Let’s proceed with our work. First, define a filesystem “images” path where files from the search engine will be downloaded.

##
# Step: Define a folder path where downloaded images will be stored

path = Path(f'{local_path}/images')

We have used a Path class so let’s check its documentation.

#collapse_output
?Path
Init signature: Path(*args, **kwargs)
Docstring:     
PurePath subclass that can make system calls.
Path represents a filesystem path but unlike PurePath, also offers
methods to do system calls on path objects. Depending on your system,
instantiating a Path will return either a PosixPath or a WindowsPath
object. You can also instantiate a PosixPath or WindowsPath directly,
but cannot instantiate a WindowsPath on a POSIX system or vice versa.
File:           /opt/conda/lib/python3.8/pathlib.py
Type:           type
Subclasses:     PosixPath, WindowsPath

From the documentation, we find that the Path class is from Python standard library module pathlib. Python’s official documentation page for this module is pathlib.html. We have not loaded this module, so it begs the question, who loaded it for us? When I checked the fastai code repository, I found a file named fastai/imports.py. This file has many imports defined in it, and fastai is loading it for us behind the scenes. This imports.py file is loaded in many core fastai modules (data, vision, tabular, etc.). A typical loading sequence is as follows

Okay, we have understood how Path library is loaded implicitly for us. So let’s continue with our work and download images using the search strings to the Path folder.

##
# Step: Use each search string to search and download images

for key, value in searches.items():
    dest = (path/key)
    dest.mkdir(exist_ok=True, parents=True)
    download_images(dest, urls=search_images(value))
    resize_images(path/key, max_size=400, dest=path/key)
/opt/conda/lib/python3.8/site-packages/PIL/Image.py:945: UserWarning: Palette images with Transparency expressed in bytes should be converted to RGBA images
  warnings.warn(
/opt/conda/lib/python3.8/site-packages/PIL/Image.py:945: UserWarning: Palette images with Transparency expressed in bytes should be converted to RGBA images
  warnings.warn(
/opt/conda/lib/python3.8/site-packages/PIL/Image.py:945: UserWarning: Palette images with Transparency expressed in bytes should be converted to RGBA images
  warnings.warn(
/opt/conda/lib/python3.8/site-packages/PIL/Image.py:945: UserWarning: Palette images with Transparency expressed in bytes should be converted to RGBA images
  warnings.warn(

In the last cell, we have introduced another function resize_images. So let’s check its docs too.

#collapse_output
?resize_images
Signature:
resize_images(
    path,
    max_workers=2,
    max_size=None,
    recurse=False,
    dest=Path('.'),
    n_channels=3,
    ext=None,
    img_format=None,
    resample=2,
    resume=None,
    **kwargs,
)
Docstring: Resize files on path recursively to dest to max_size
File:      /opt/conda/lib/python3.8/site-packages/fastai/vision/utils.py
Type:      function

It tells us that this function is from the fastai vision module. Its purpose is to resize images to a given MAX size and store them in a destination folder. If any image size exceeds the max size, this function will resize it to a given size. Otherwise (smaller than max size), the image is left as it is.
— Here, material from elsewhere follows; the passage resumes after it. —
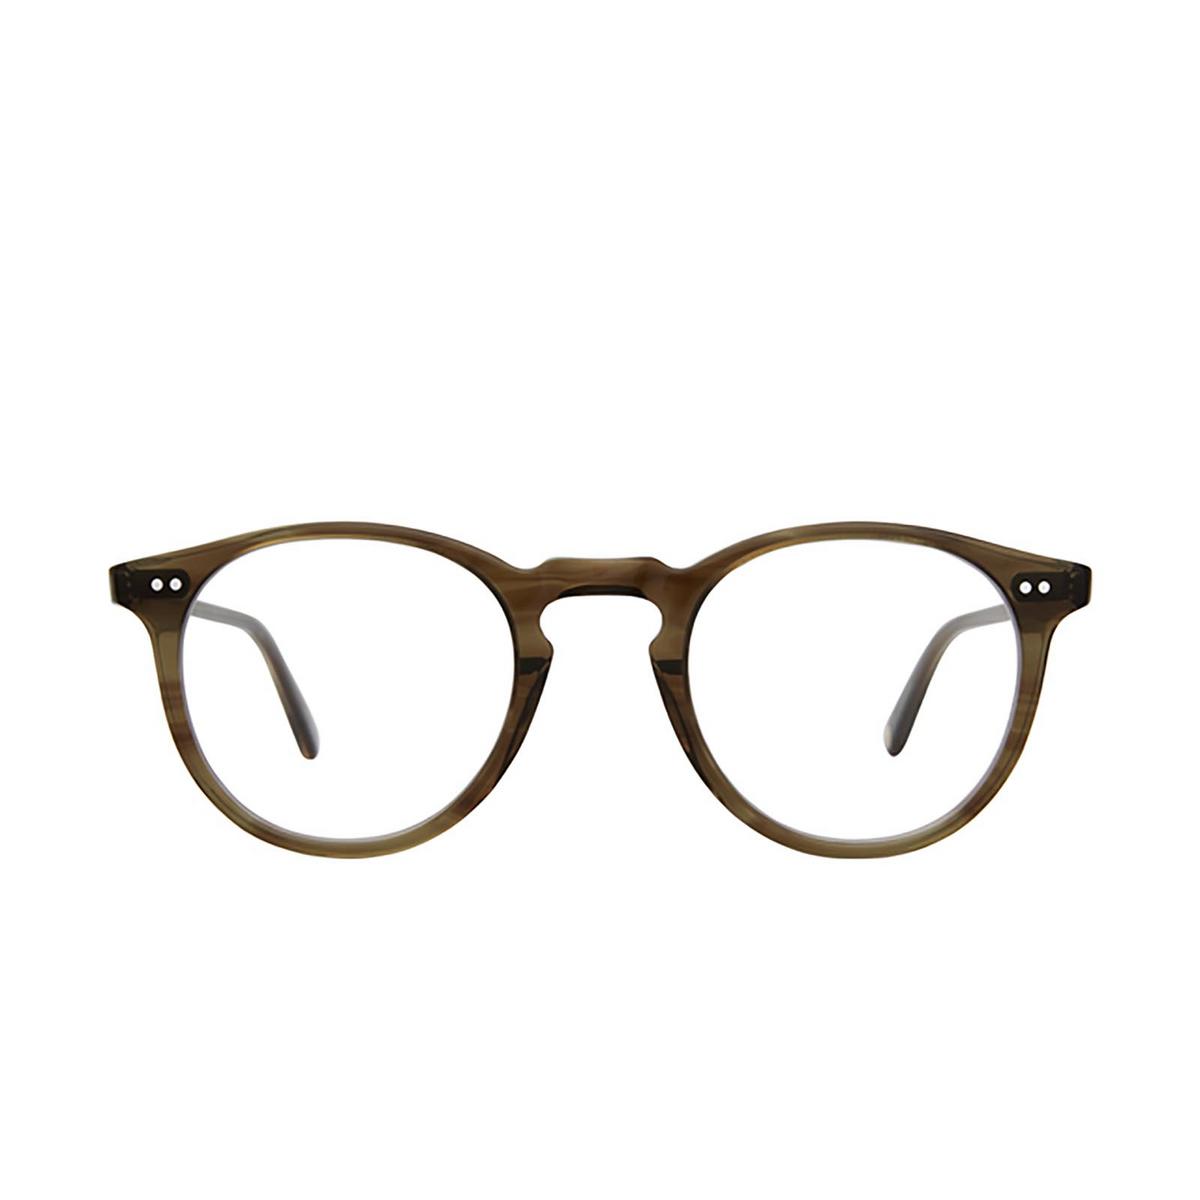 Garrett Leight® Round Eyeglasses: Glencoe color Olive Tortoise Ot - front view.

So our images are now downloaded. Let’s check them.

##
# Step: Check the downloaded image files

fns = get_image_files(path)
fns
(#757) [Path('datasets/2022-08-10-sagemaker-fastai-classifier/images/tennis/ee4bb413-b78d-4f2a-8e41-3f32bbad79a2.jpeg'),Path('datasets/2022-08-10-sagemaker-fastai-classifier/images/tennis/647709da-50e5-4344-8cd5-9895448d47dc.jpg'),Path('datasets/2022-08-10-sagemaker-fastai-classifier/images/tennis/8a9378aa-6c9d-4456-8a8e-19ddc1a00354.jpeg'),Path('datasets/2022-08-10-sagemaker-fastai-classifier/images/tennis/84fd1455-607d-40c9-9454-8d06c18c8eab.jpg'),Path('datasets/2022-08-10-sagemaker-fastai-classifier/images/tennis/20711509-3b5e-4b06-93e1-2013a1d40279.jpeg'),Path('datasets/2022-08-10-sagemaker-fastai-classifier/images/tennis/ae3b15ca-748b-4fdd-868d-e602bf37c79e.jpg'),Path('datasets/2022-08-10-sagemaker-fastai-classifier/images/tennis/df19cf58-1da4-4dbc-8c9c-0224c6ffa32b.jpg'),Path('datasets/2022-08-10-sagemaker-fastai-classifier/images/tennis/5775d55d-1c61-4477-aab5-0dd0feb9c5ba.jpg'),Path('datasets/2022-08-10-sagemaker-fastai-classifier/images/tennis/31dfd24b-35ca-43fa-8cb9-5227b6ee9dac.jpg'),Path('datasets/2022-08-10-sagemaker-fastai-classifier/images/tennis/bf9ec4b8-f237-4030-b77b-ca02fcbf96c2.jpg')...]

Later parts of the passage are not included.